B. "Persons" Subject to Suit under Section 1983, Section 1985 and the New Jersey Civil Rights Act

Section 1983 renders certain "person[s]" liable for deprivations of constitutional rights. 42 U.S.C. § 1983. Neither a State nor its officials acting in their official capacities are deemed "persons" under Section 1983. Will, 491 U.S. at 71. Section 1985 contains the remedial provision for damages caused by a conspiracy to interfere with an individual's civil rights. Haddle v. Garrison, 525 U.S. 121, 125 n.2 (1998). The definition of "persons" under Section 1983 has been applied to claims arising under Section 1985 by several lower courts. See, e.g. New Jersey Sand Hill Band of Lenape & Cherokee Indians v. Corzine, No. 09-683, 2010 WL 2674565, at *6 (D.N.J. June 30, 2010)(noting that "persons" in Section 1983 and "persons" in Section 1985 have the same meaning); Rode v. Dellarciprete, 617 F. Supp. 721, 723 (M.D. Pa. 1985), aff'd, 892 F.2d 1177 (3d Cir. 1990) (same).
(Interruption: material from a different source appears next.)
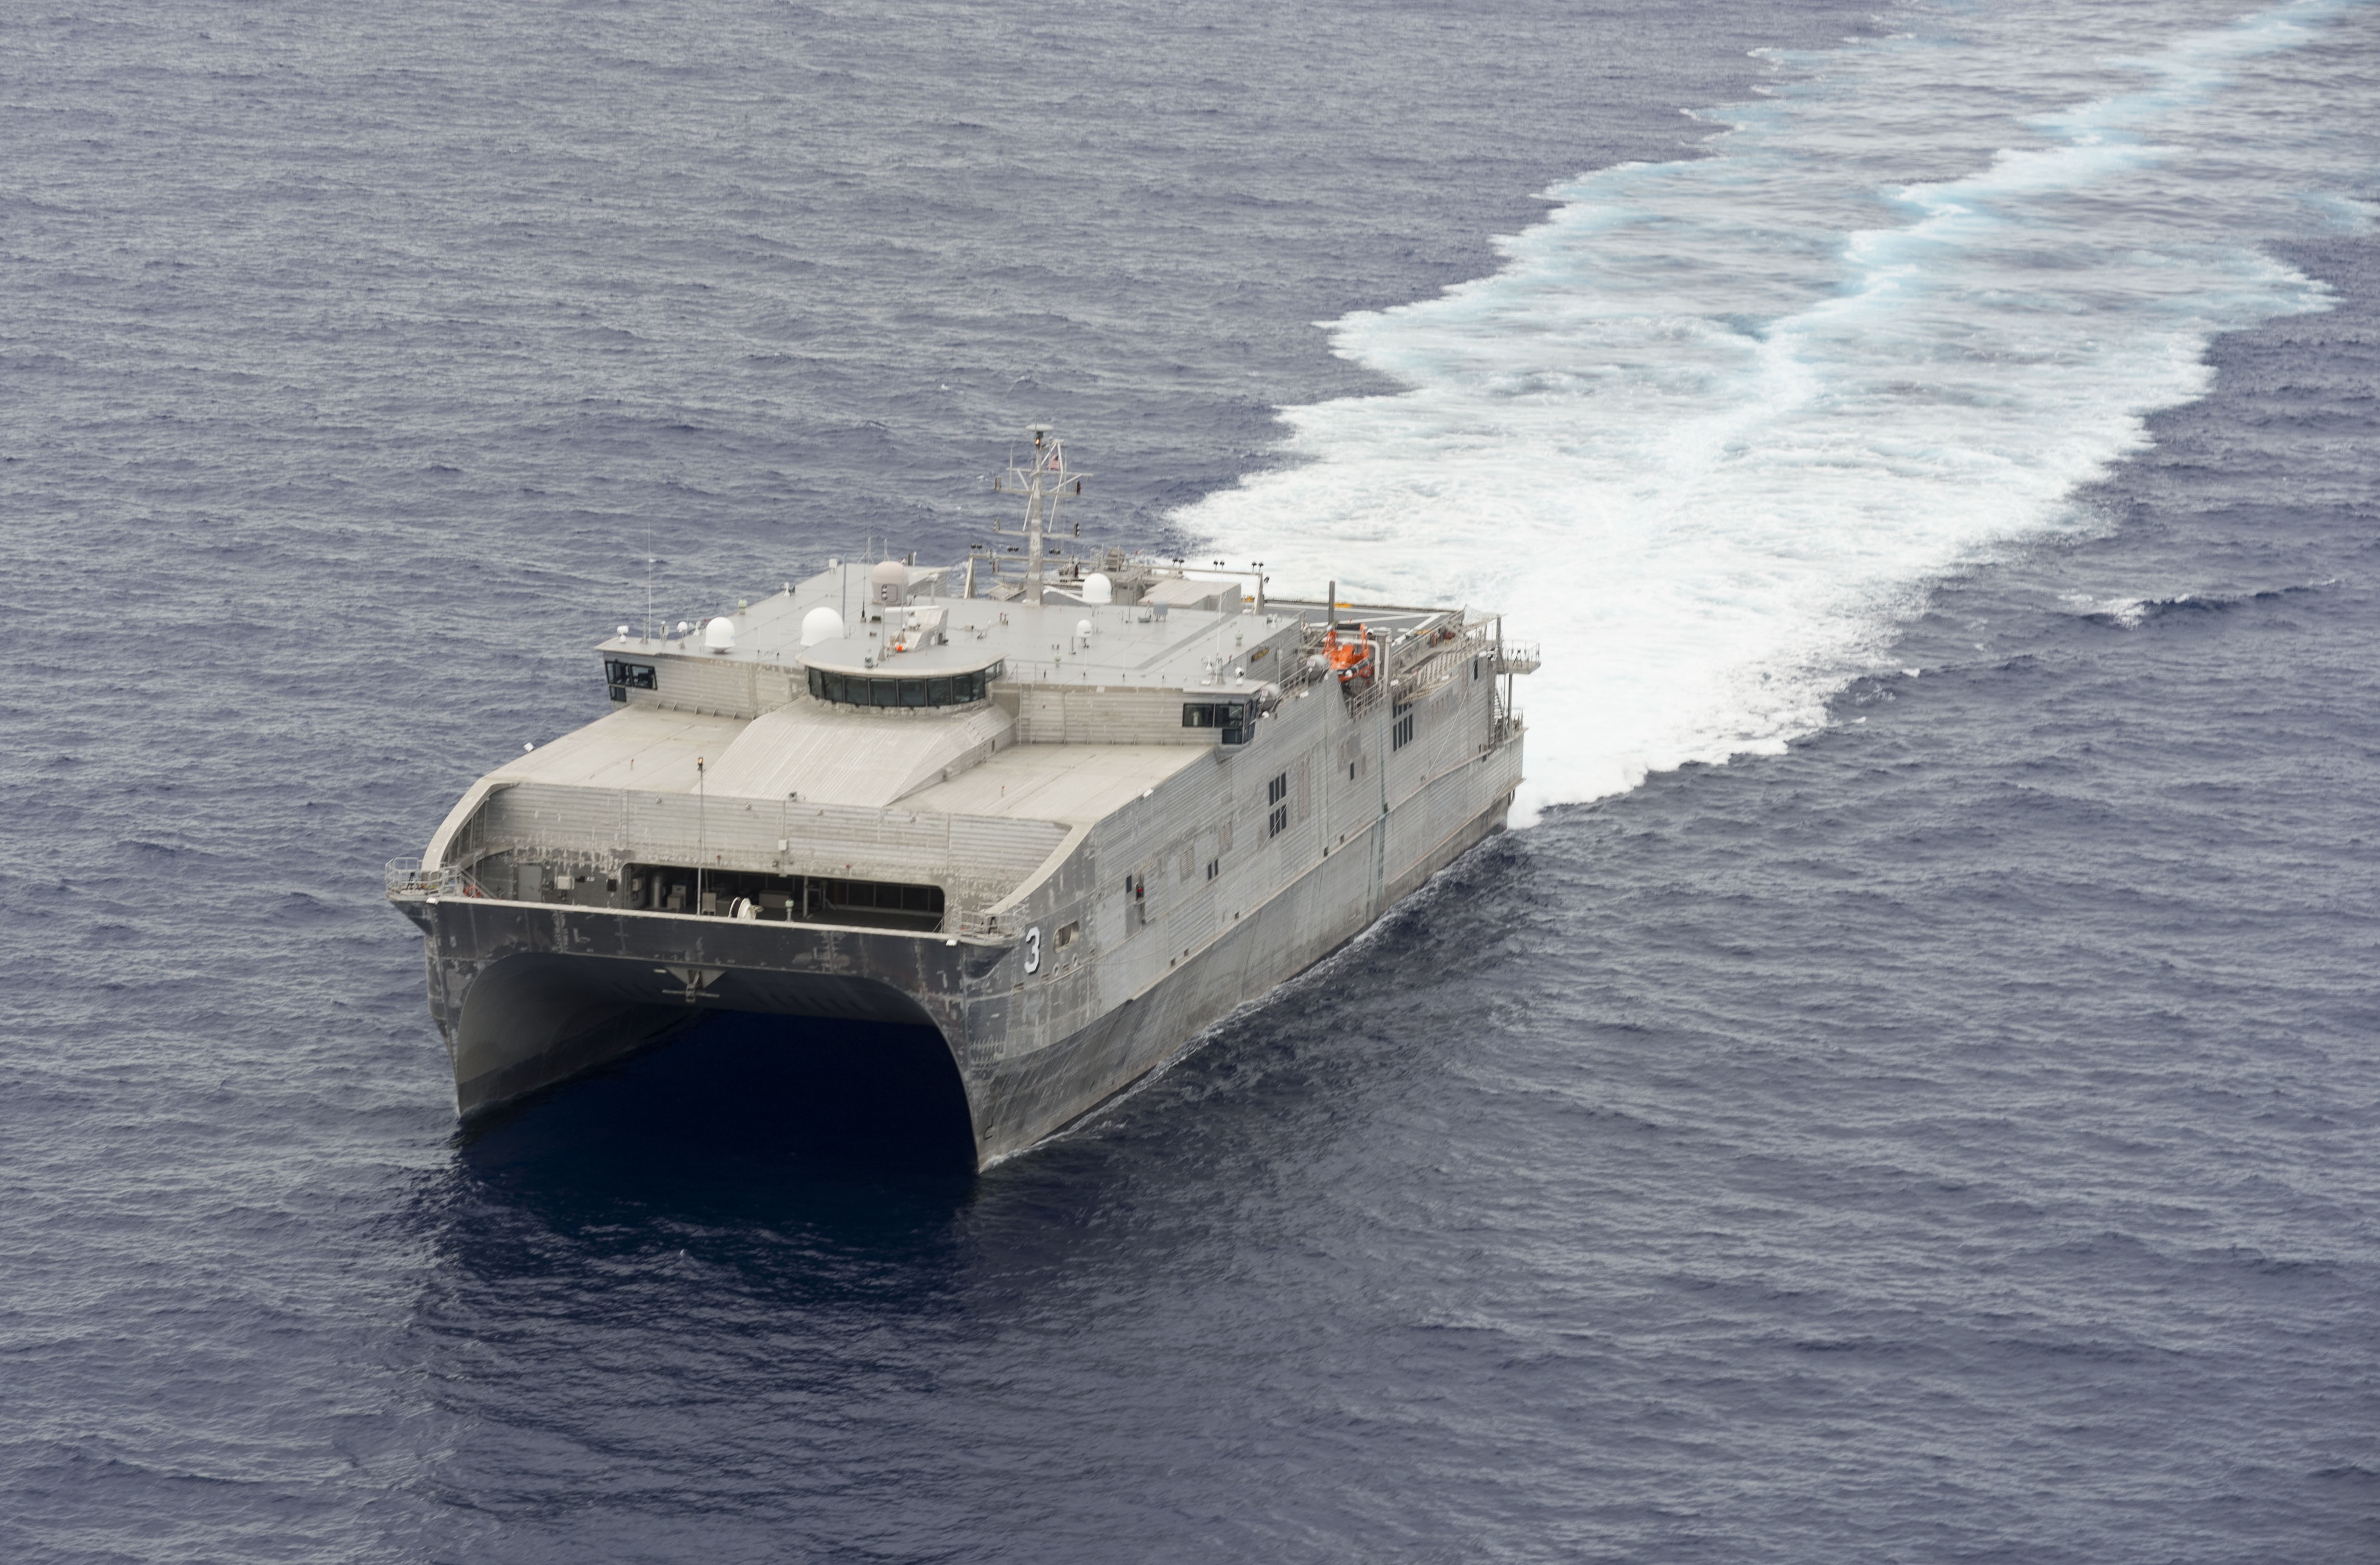 Tàu vận tải quân sự USNS Millinocket của hải quân Mỹ được triển khai tham gia cuộc tập trận chống hải tặc với 6 nước ASEAN đang diễn ra trên Biển Đông - Ảnh: US Navy
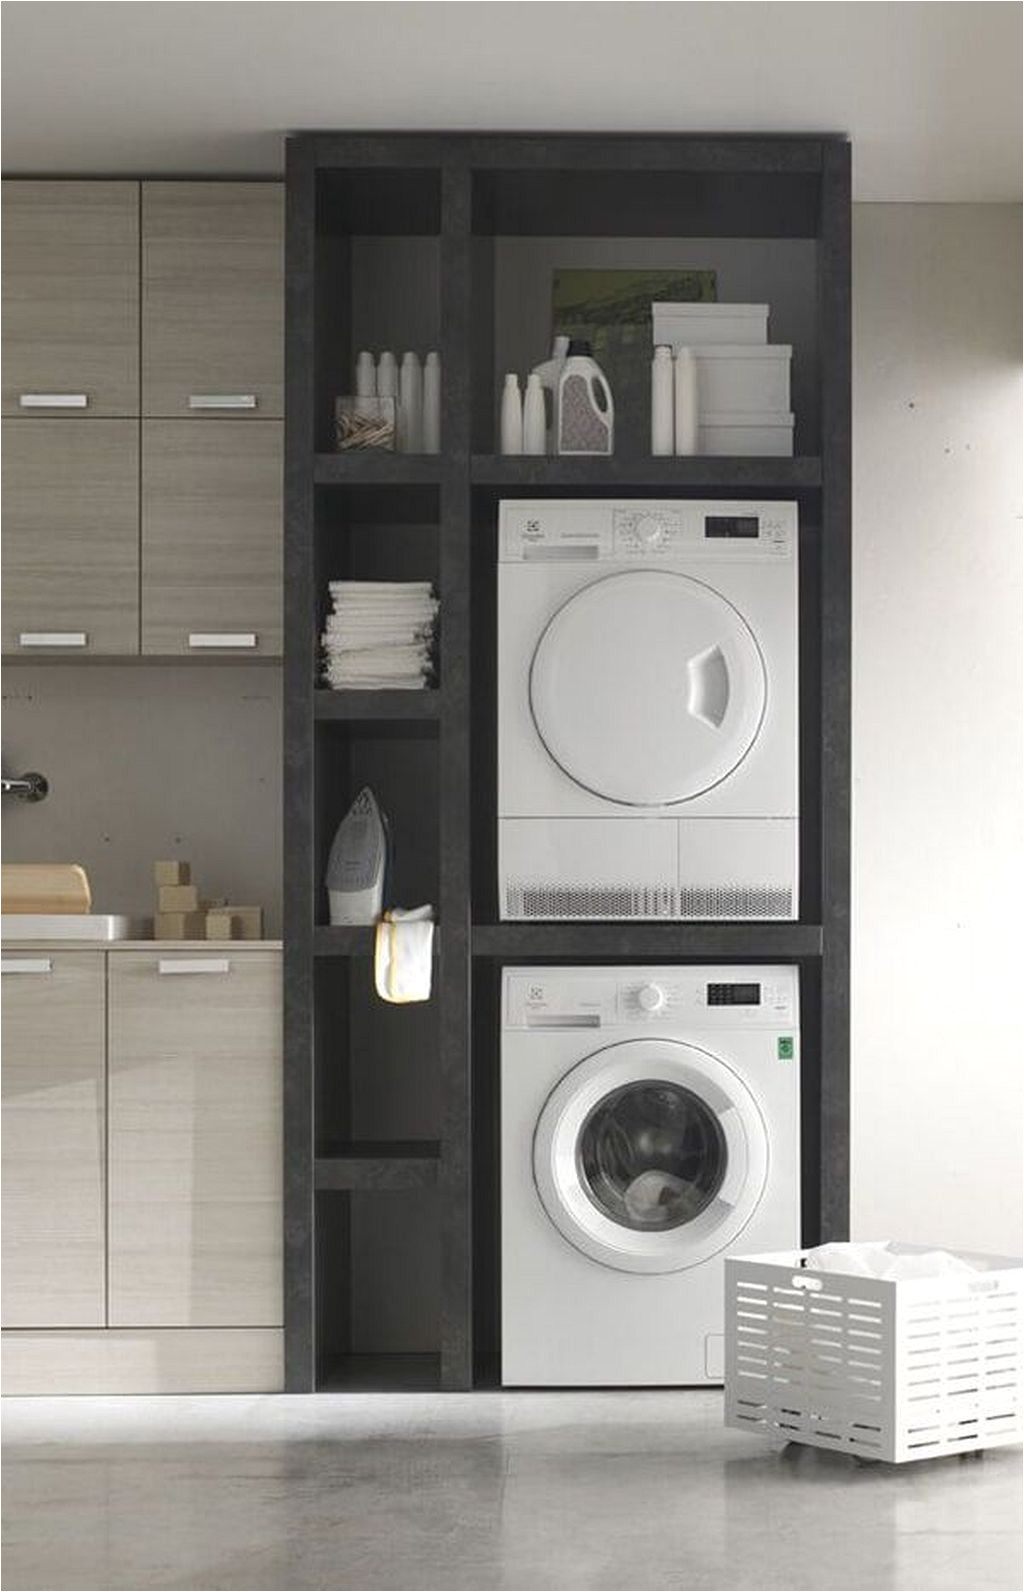 Washer and Dryer Pedestal Ikea Laundry Storage Shelves Ideas 6 Laundry Room Pinterest Laundry

Section 1985 provides, in relevant part:

If two or more persons in any State or Territory conspire or go in disguise on the highway or on the premises of another, for the purpose of depriving, either directly or indirectly, any person or class of persons of the equal protection of the laws, or of equal privileges and immunities under the laws . . . the party so injured or deprived may have an action for the recovery of damages occasioned by such injury or deprivation, against any one or more of the conspirators.
42 U.S.C. § 1985.

Plaintiff also contends that the Individual and Entity Defendants violated his rights under the Constitution of the State of New Jersey. (Am. Compl. 2.) Such a claim is brought pursuant to the New Jersey Civil Rights Act ("NJCRA"), N.J.S.A. 10:6-1 et seq; Hurdleston v. New Century Fin. Services, Inc., 629 F. Supp. 2d 434, 442 (D.N.J. 2009) ("[A] person may bring a civil action under the [NJCRA] in two circumstances: (1) when he's deprived of a right, or (2) when his rights are interfered with by threats, intimidation, coercion or force.") "Since the NJCRA is substantially modeled after [Section 1983], and shares the requirement that the defendant sued be a 'person,'" the NJCRA is similarly construed to preclude suits against state officials acting in their official capacities because they do not meet the definition of a person under the act. Chapman v. New Jersey, No. 08-4130, 2009 WL 2634888, at *3 (D.N.J. Aug. 25, 2009) (citing Slinger v. New Jersey, No. 07-5561, 2008 WL 4126181, at *7 (D.N.J. Sept. 4, 2008), rev'd in part, 366 F. App'x 357 (3d Cir. 2010); see also Trafton v. City of Woodbury, 799 F. Supp. 2d 417, 443 (D.N.J. 2011). Additionally, the Third Circuit recently held that a New Jersey state prison and its administrator acting in her official capacity were not "persons" under the New Jersey Civil Rights Act. Didiano v. Balicki, 488 F. App'x 634, 637 (3d Cir. 2012).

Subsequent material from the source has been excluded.